I'm currently analyzing a process that is considered too slow.
In summary, it's a task that loads a lot of data from Microsoft SQL Server, performs some basic stuff on it, and creates a report. It currently takes from five to six hours, whereas the stakeholders expect it to take three to four hours.
Basic analysis showed that:
- The application server that runs the actual task is underused. The CPU usage stays very low (less than 5%), there is plenty of memory, and the SSD is not used much either.
- The database server seem to get most of the job. Its CPU usage occasionally averages 85% (although most of the time, it stays around 20%). The memory is used at 99%, but this is expected—the default behavior of SQL Server is to fill all the memory. The SSD is used roughly at 80%.
- The network usage, measured at the database server, varies a lot—sometimes it remains at nearly zero, and sometimes it peaks at 2.5 Gbps.
Now, what do I do next to understand where the bottleneck is, given that none of the resources seem to be used at 100%?
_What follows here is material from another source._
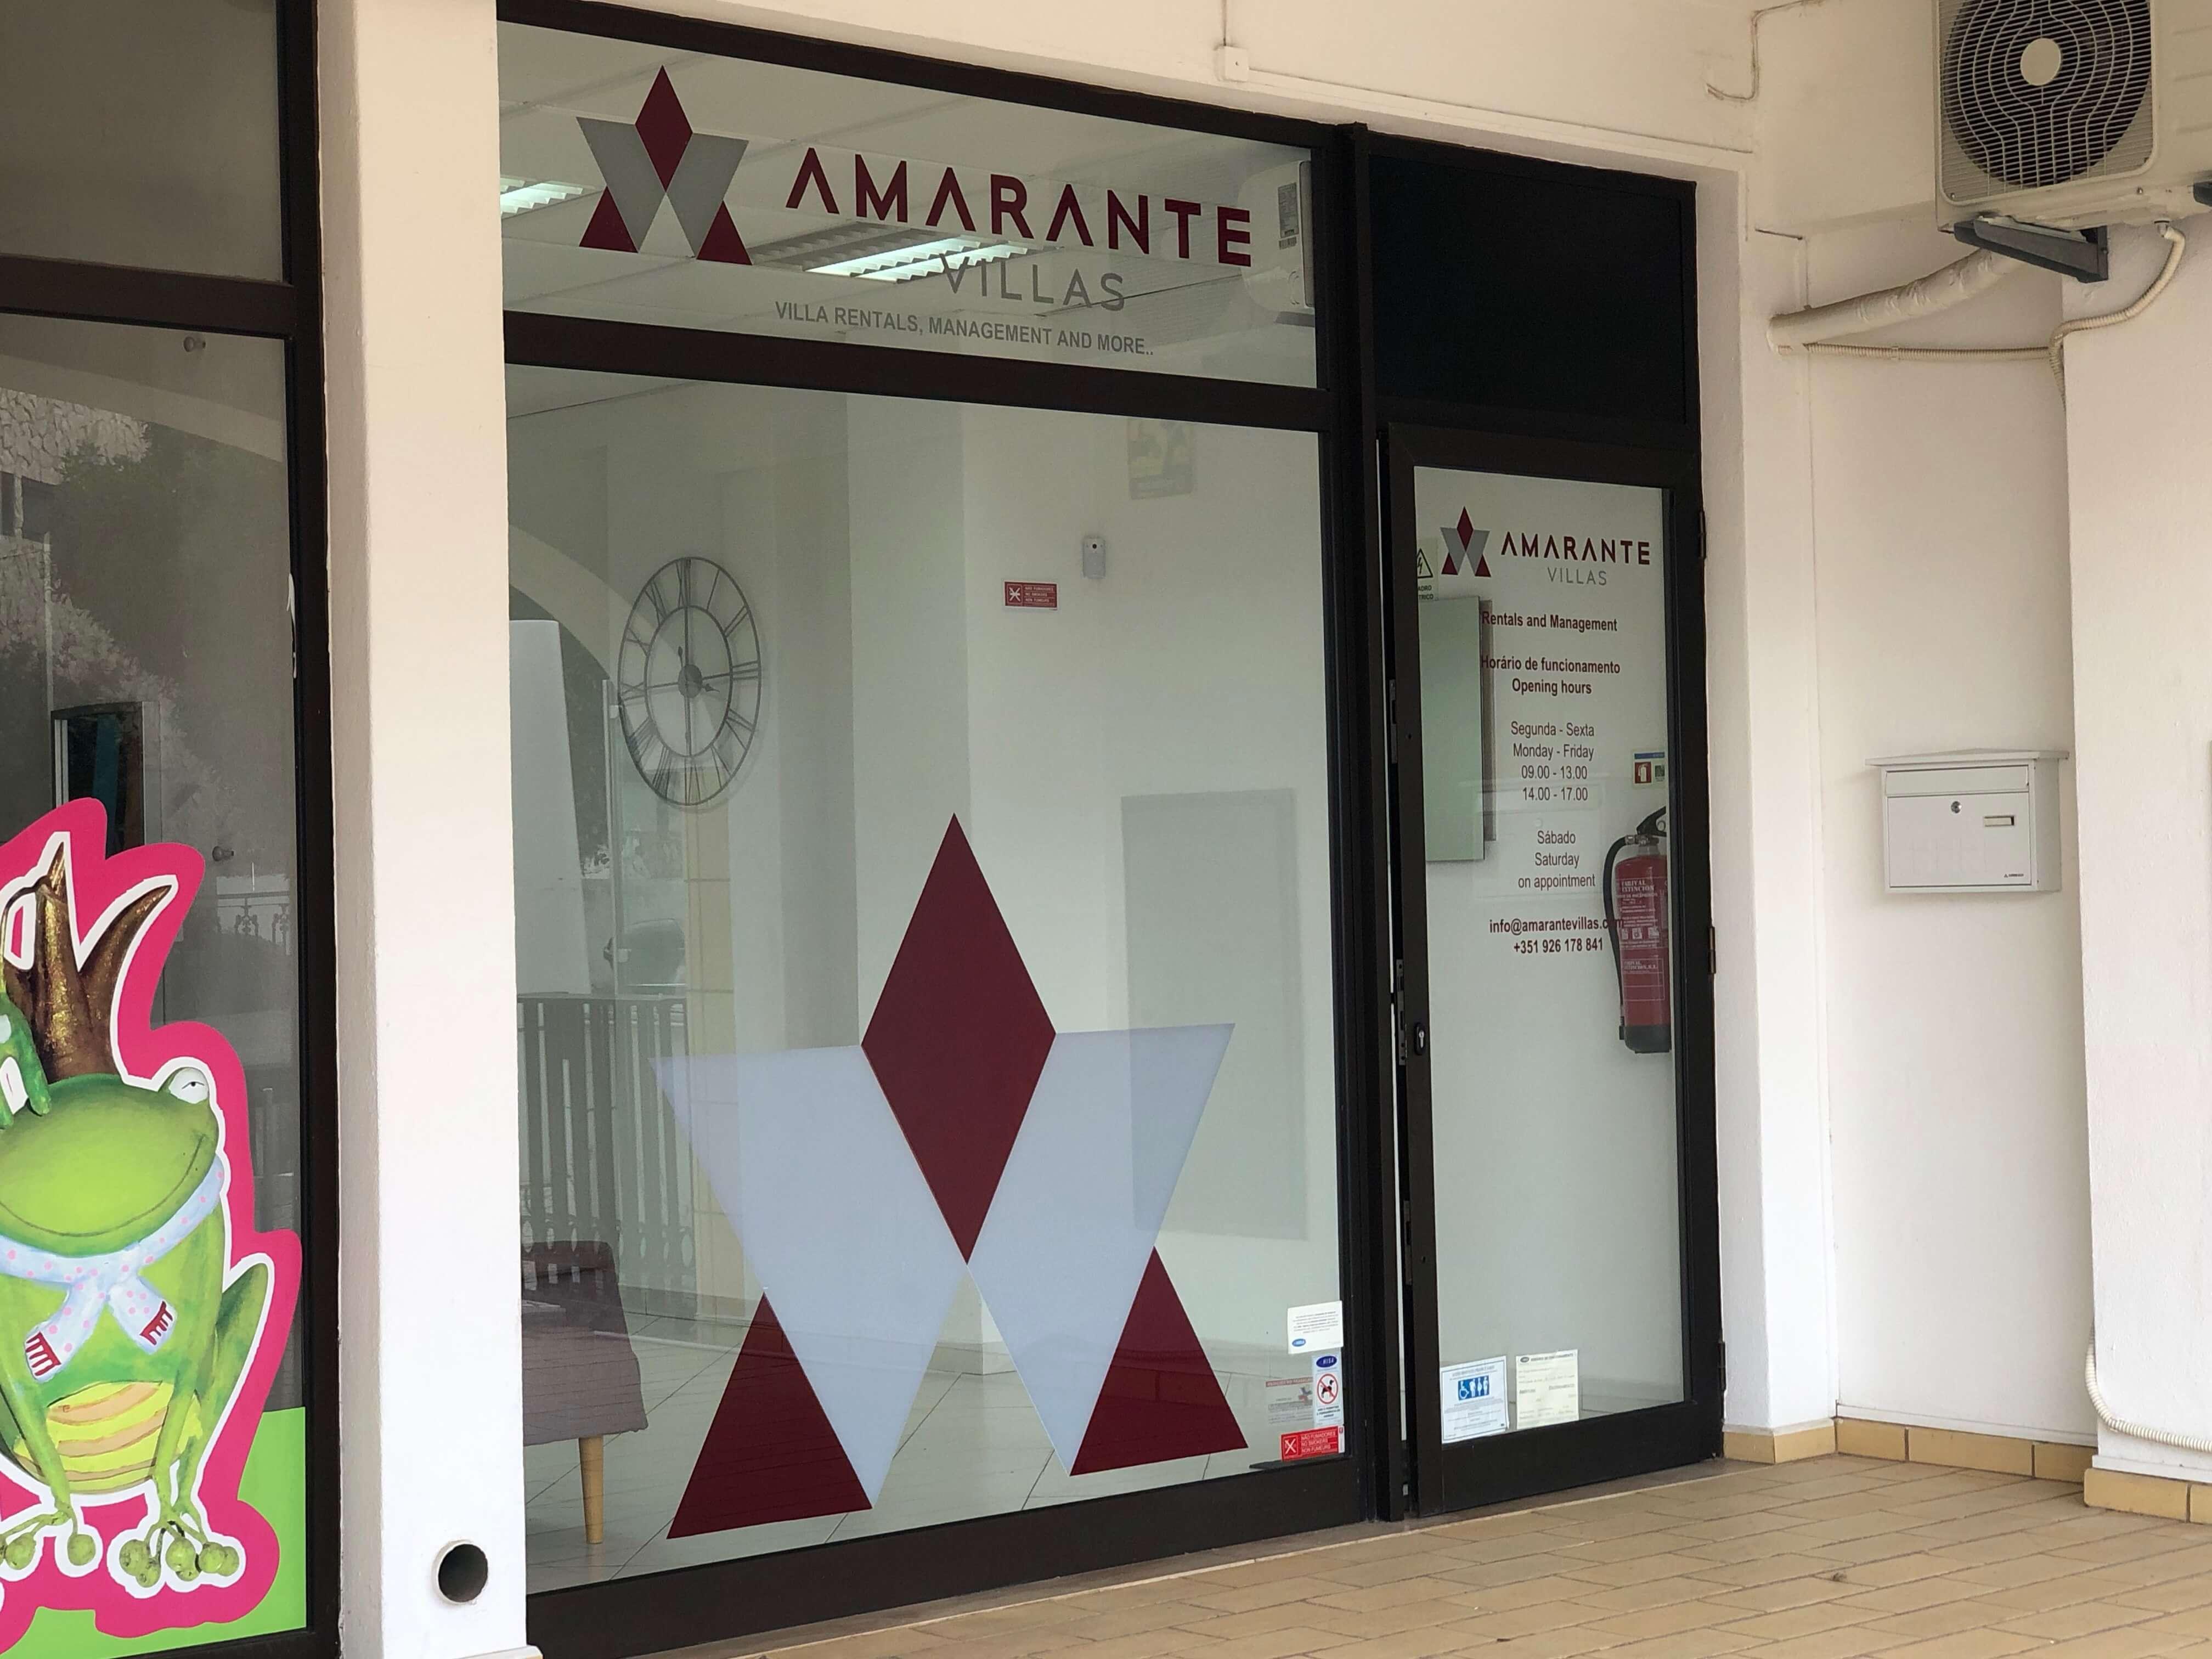 AMARANTEVILLAS - ALGARVE

I guess there are three possible scenarios:
The network is the issue, and the machines are simply waiting for the data to be sent/received. As both the database server and the application server are on premises, and there are lots of other things going on between all other machines in the data center, if the router is busy with other traffic, it may only allow, say, 500 Mbps between the database server and the application server, whereas a few minutes later, it would make it possible to reach 2.5 Gbps.
There is not one, but multiple factors that cause slowness. For instance, at a given moment, the data may be ready to be sent by the database, but the network is slow; a few minutes later, the network is fast, but the new data is not ready and the CPU or the SSD become the bottleneck.
The issue is somewhere else—maybe something is just idling, while waiting for a lock.
How do I figure out which one of those scenarios is correct—and eventually find how to optimize the task by improving either the hardware or the actual task?